In [1]:
import torch
import torch.nn as nn
from torchvision import models, transforms
from torch.utils.data import DataLoader
from PIL import Image
import pandas as pd
import os
import re
import json
from sklearn.model_selection import train_test_split
import jiwer
import matplotlib.pyplot as plt

# Function to load idx2word and convert it to word2idx
def load_vocabulary(path):
    with open(path, 'r') as file:
        idx2word = json.load(file)
    word2idx = {v: int(k) for k, v in idx2word.items()}
    return idx2word, word2idx

# Load vocabulary
idx2word_path = '/home/vitoupro/code/image_captioning/data/processed/idx2word.json'
idx2word, word2idx = load_vocabulary(idx2word_path)

# Encoding and decoding functions
def encode_khmer_word(word, word2idx):
    indices = []
    for character in word:
        index = word2idx.get(character)
        if index is None:
            return None, f"Character '{character}' not found in vocabulary!"
        indices.append(index)
    return indices, None

def decode_indices(indices, idx2word):
    characters = []
    for index in indices:
        character = idx2word.get(str(index))
        if character is None:
            return None, f"Index '{index}' not found in idx2word!"
        characters.append(character)
    return ''.join(characters), None

# Attention Module
class Attention(nn.Module):
    def __init__(self, encoder_dim, decoder_dim, attention_dim):
        super(Attention, self).__init__()
        self.attn = nn.Linear(encoder_dim + decoder_dim, attention_dim)
        self.v = nn.Linear(attention_dim, 1)

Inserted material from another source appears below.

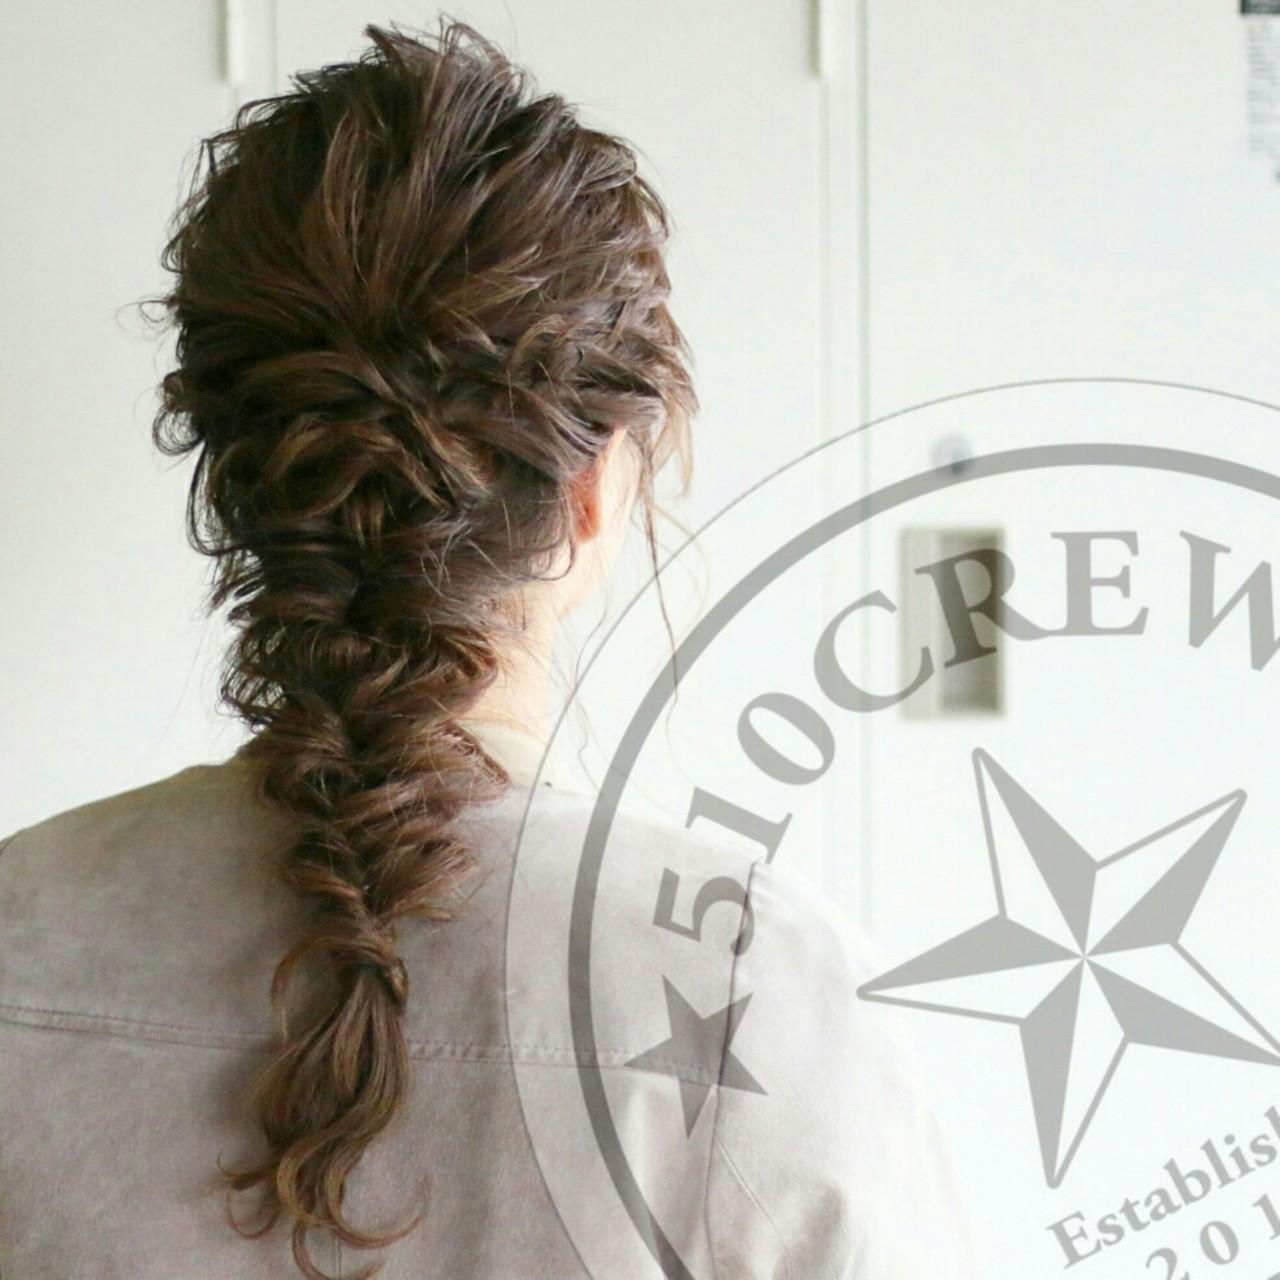 エレガント 上品 外国人風 ゆるふわ ヘアスタイルや髪型の写真・画像

    def forward(self, encoder_out, hidden):
        hidden = hidden.unsqueeze(1).repeat(1, encoder_out.size(1), 1)
        attn_input = torch.cat((encoder_out, hidden), dim=2)
        energy = torch.tanh(self.attn(attn_input))
        attention = self.v(energy).squeeze(2)
        alpha = torch.softmax(attention, dim=1)
        context = (encoder_out * alpha.unsqueeze(2)).sum(dim=1)
        return context, alpha

class EncoderCNN(nn.Module):
    def __init__(self, embed_size):
        super(EncoderCNN, self).__init__()
        resnet = models.resnet50(pretrained=True)
        for name, param in resnet.named_parameters():
            if 'layer4' in name:
                param.requires_grad = True
            else:
                param.requires_grad = False
        self.resnet = nn.Sequential(*list(resnet.children())[:-1])  # output shape: (B, 2048, 1, 1)
        self.linear = nn.Linear(2048, embed_size)

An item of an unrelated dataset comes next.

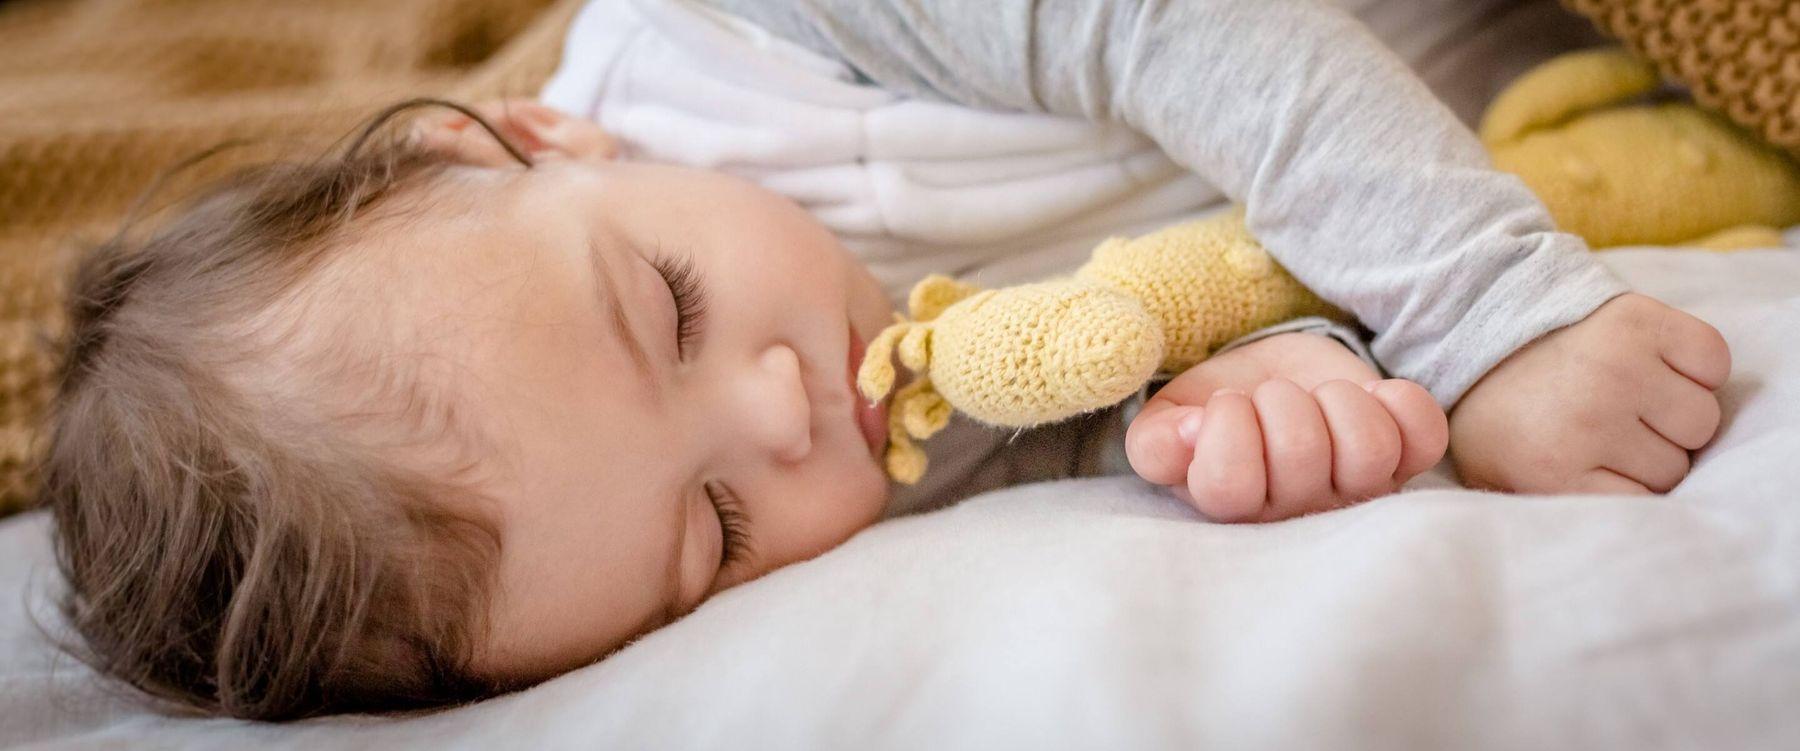 nhiệt độ trẻ sơ sinh là gì

    def forward(self, images):
        features = self.resnet(images)             # (B, 2048, 1, 1)
        features = features.view(features.size(0), -1)  # (B, 2048) — safe reshape
        features = self.linear(features)                # (B, embed_size)
        return features.unsqueeze(1)                    # (B, 1, embed_size)
           # (B, 1, embed_size)

class PositionalEncoding(nn.Module):
    def __init__(self, d_model, max_len=5000):
        super().__init__()
        pe = torch.zeros(max_len, d_model)
        position = torch.arange(0, max_len, dtype=torch.float).unsqueeze(1)
        div_term = torch.exp(torch.arange(0, d_model, 2).float() * (-torch.log(torch.tensor(10000.0)) / d_model))
        pe[:, 0::2] = torch.sin(position * div_term)
        pe[:, 1::2] = torch.cos(position * div_term)
        self.pe = pe.unsqueeze(0)

    def forward(self, x):
        return x + self.pe[:, :x.size(1), :].to(x.device)


class TransformerDecoder(nn.Module):
    def __init__(self, vocab_size, embed_size, num_heads=8, num_layers=3, ff_dim=512, dropout=0.1):
        super().__init__()
        self.embedding = nn.Embedding(vocab_size, embed_size)
        self.pos_encoding = PositionalEncoding(embed_size)
        decoder_layer = nn.TransformerDecoderLayer(d_model=embed_size, nhead=num_heads, dim_feedforward=ff_dim, dropout=dropout)
        self.transformer_decoder = nn.TransformerDecoder(decoder_layer, num_layers=num_layers)
        self.fc_out = nn.Linear(embed_size, vocab_size)
        self.embed_size = embed_size

    def generate_square_subsequent_mask(self, sz):
        return torch.triu(torch.ones(sz, sz) * float('-inf'), diagonal=1)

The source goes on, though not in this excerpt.